**Exercise:** Before you write out the listing, remove the pictures; everything else stays exactly as it is.

══ Data section ══

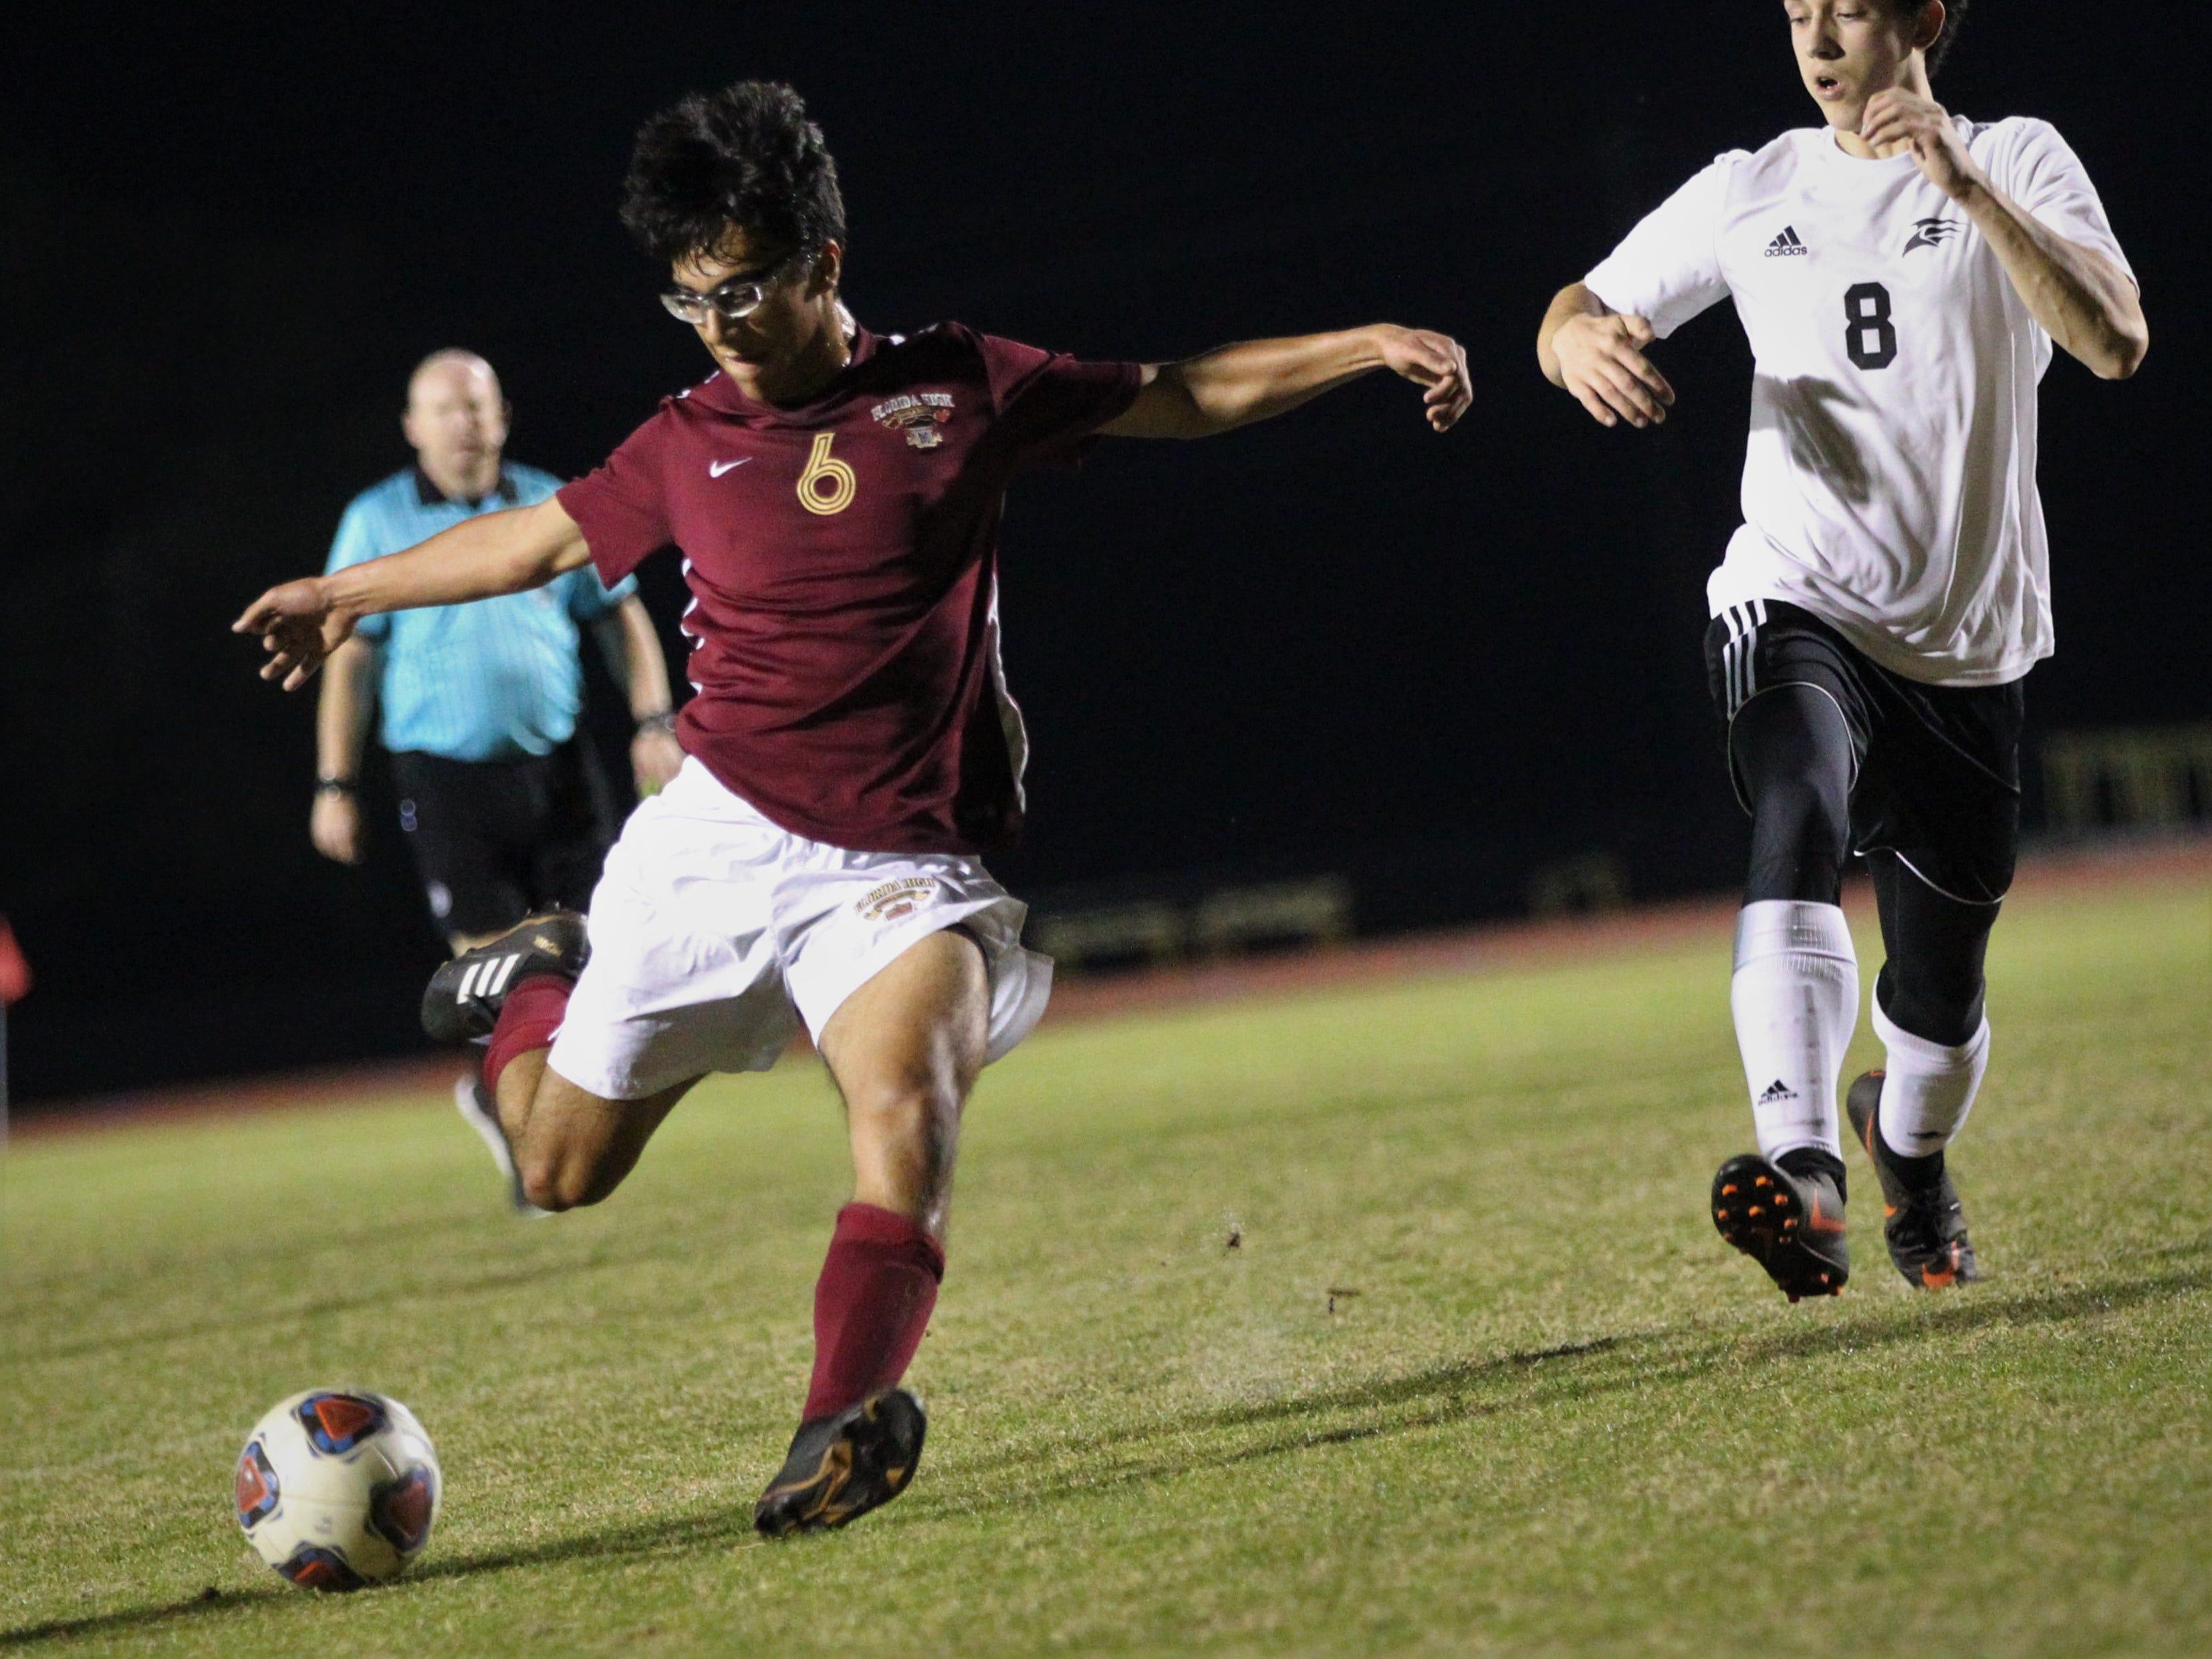 Florida High's Justin Garcia takes a shot on goal as Florida High's boys soccer team beat South Walton 2-0 during a Region 1-2A quarterfinal on Feb. 6, 2018.
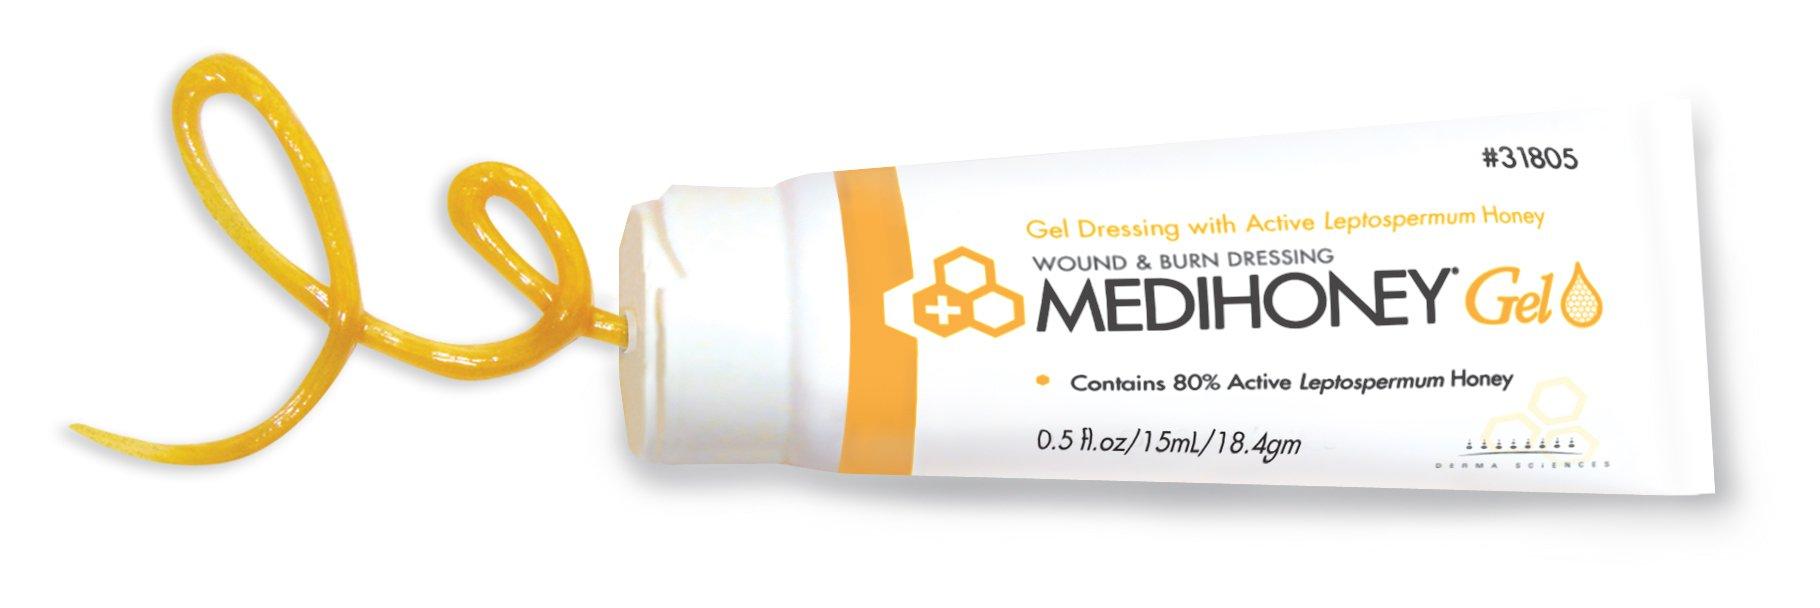 MEDIHONEY Wound and Burn Dressing Gel 1.5 oz. Tube Sterile, 31815 - EACH
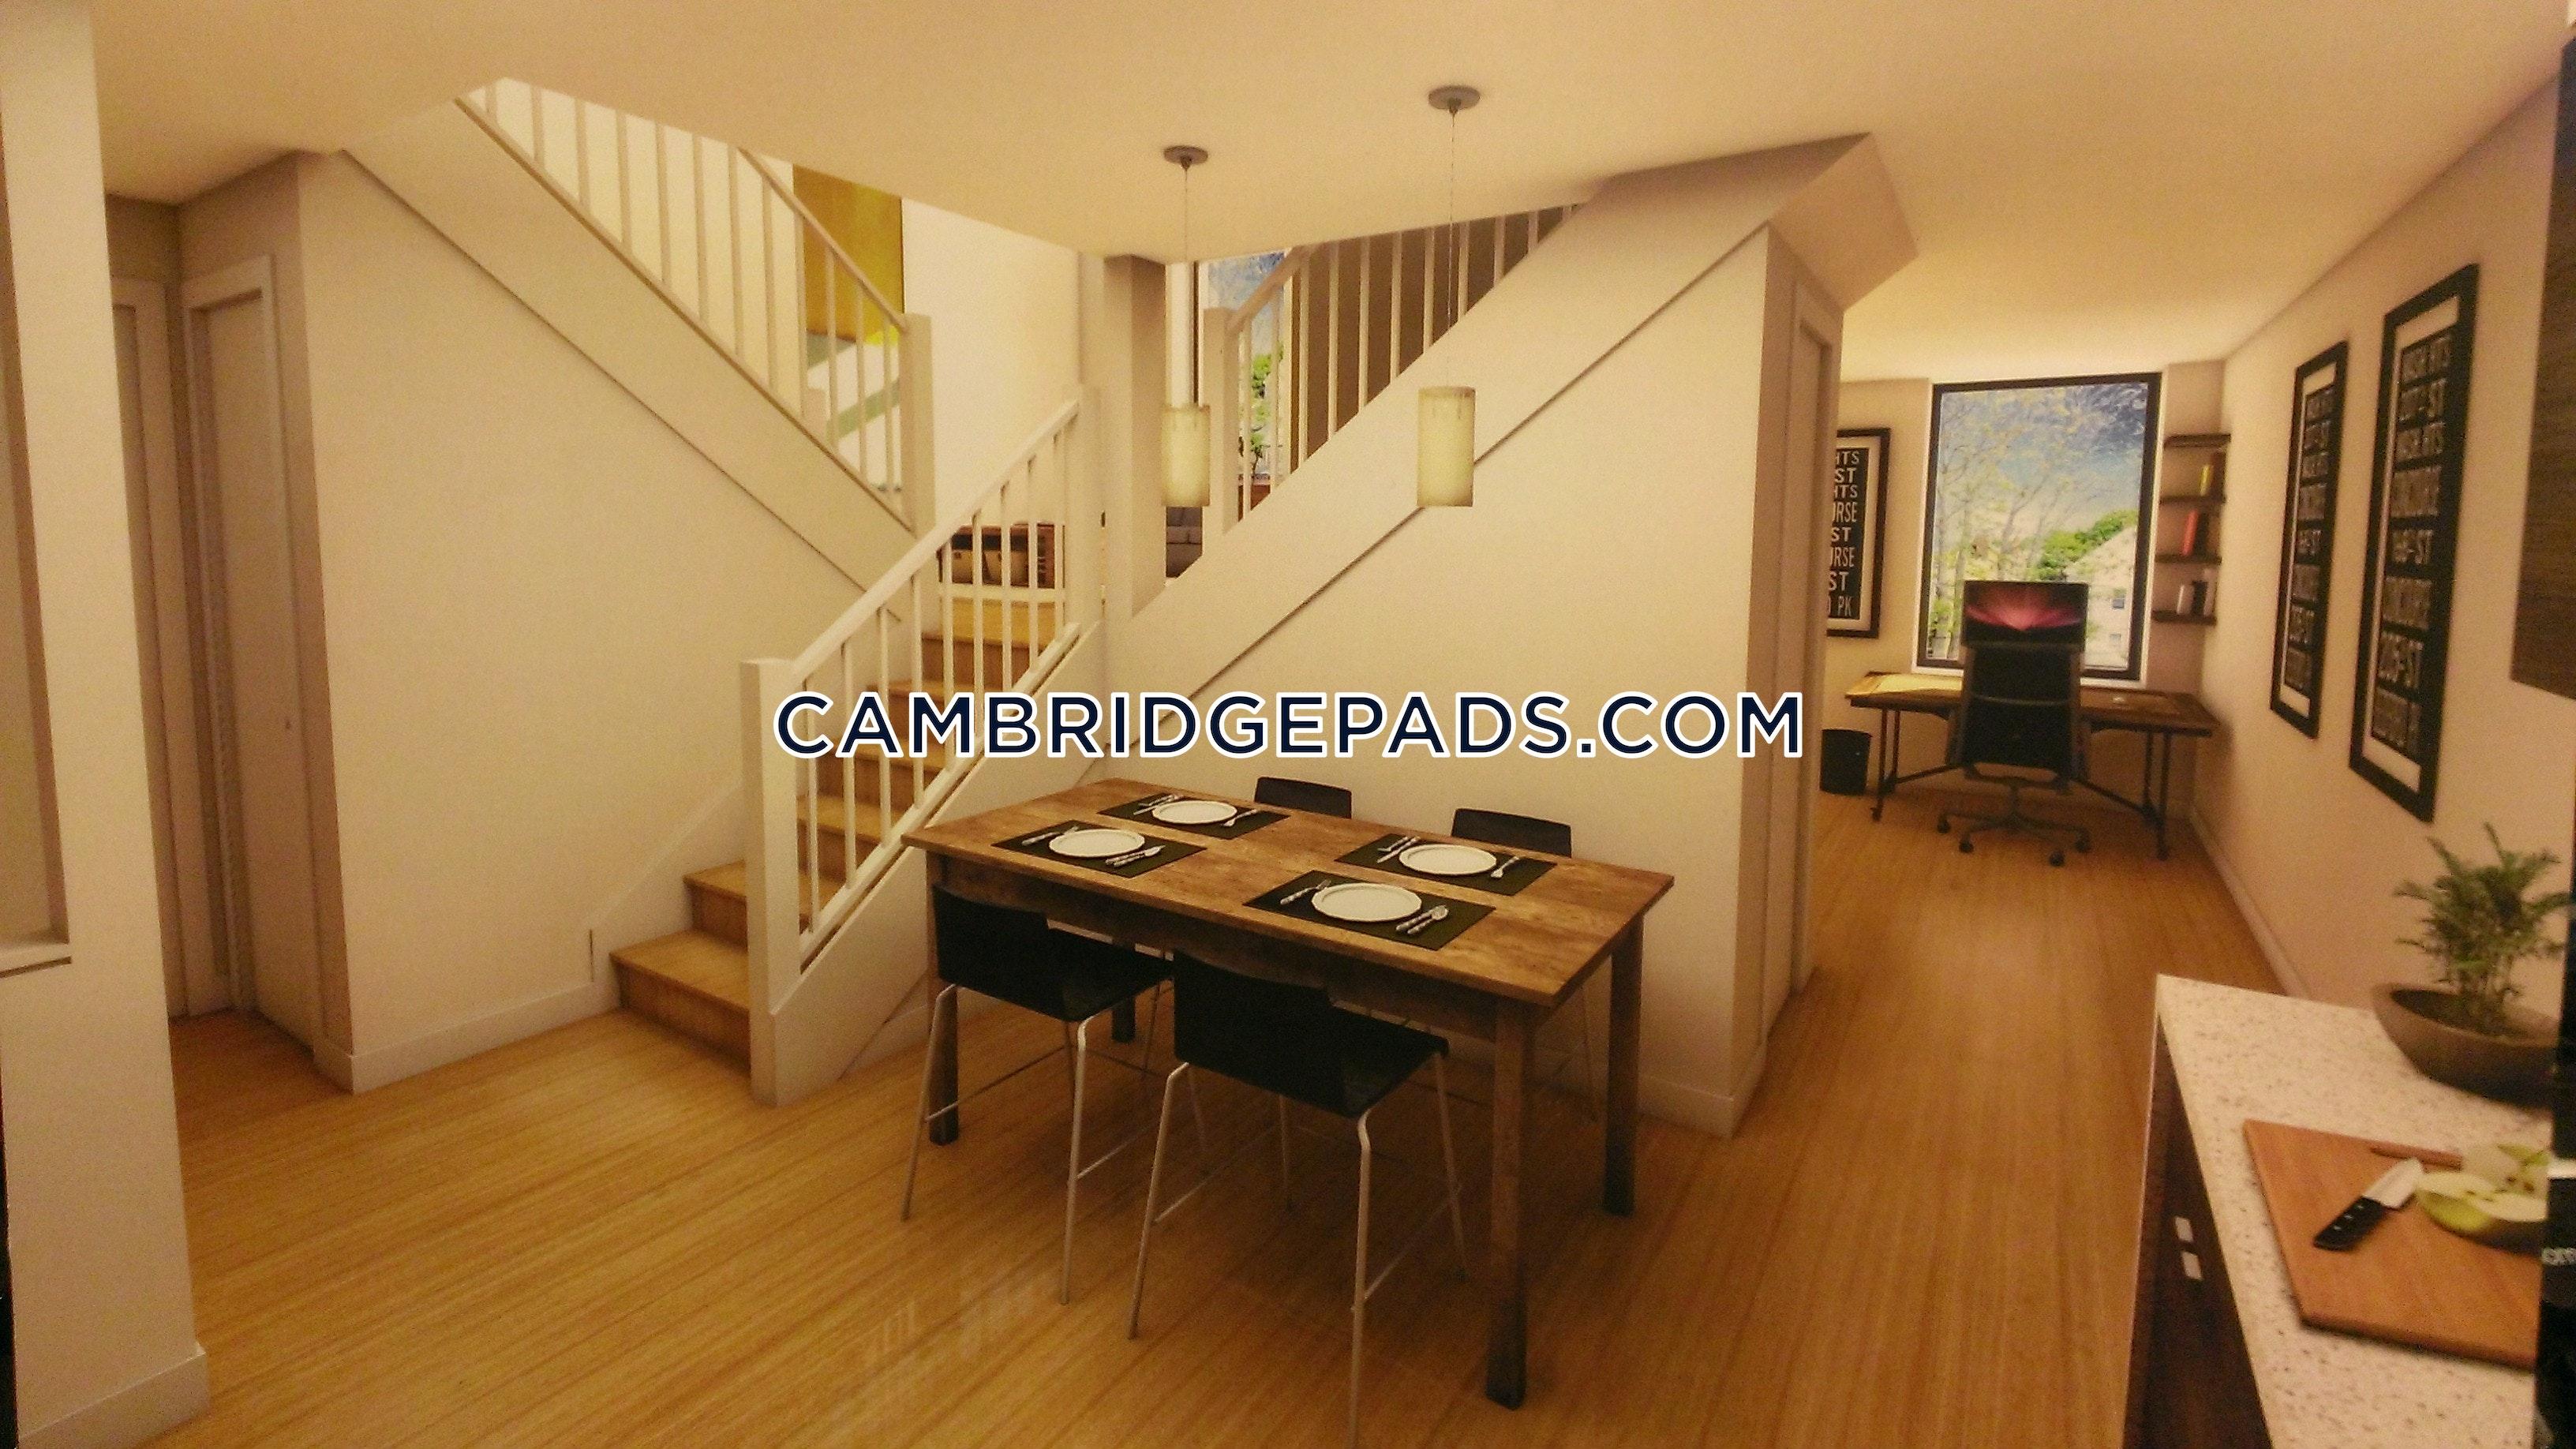 Rindge Ave. CAMBRIDGE - PORTER SQUARE

═══

**Written response:**
 Florida High's Justin Garcia takes a shot on goal as Florida High's boys soccer team beat South Walton 2-0 during a Region 1-2A quarterfinal on Feb. 6, 2018.
 MEDIHONEY Wound and Burn Dressing Gel 1.5 oz. Tube Sterile, 31815 - EACH
 Rindge Ave. CAMBRIDGE - PORTER SQUARE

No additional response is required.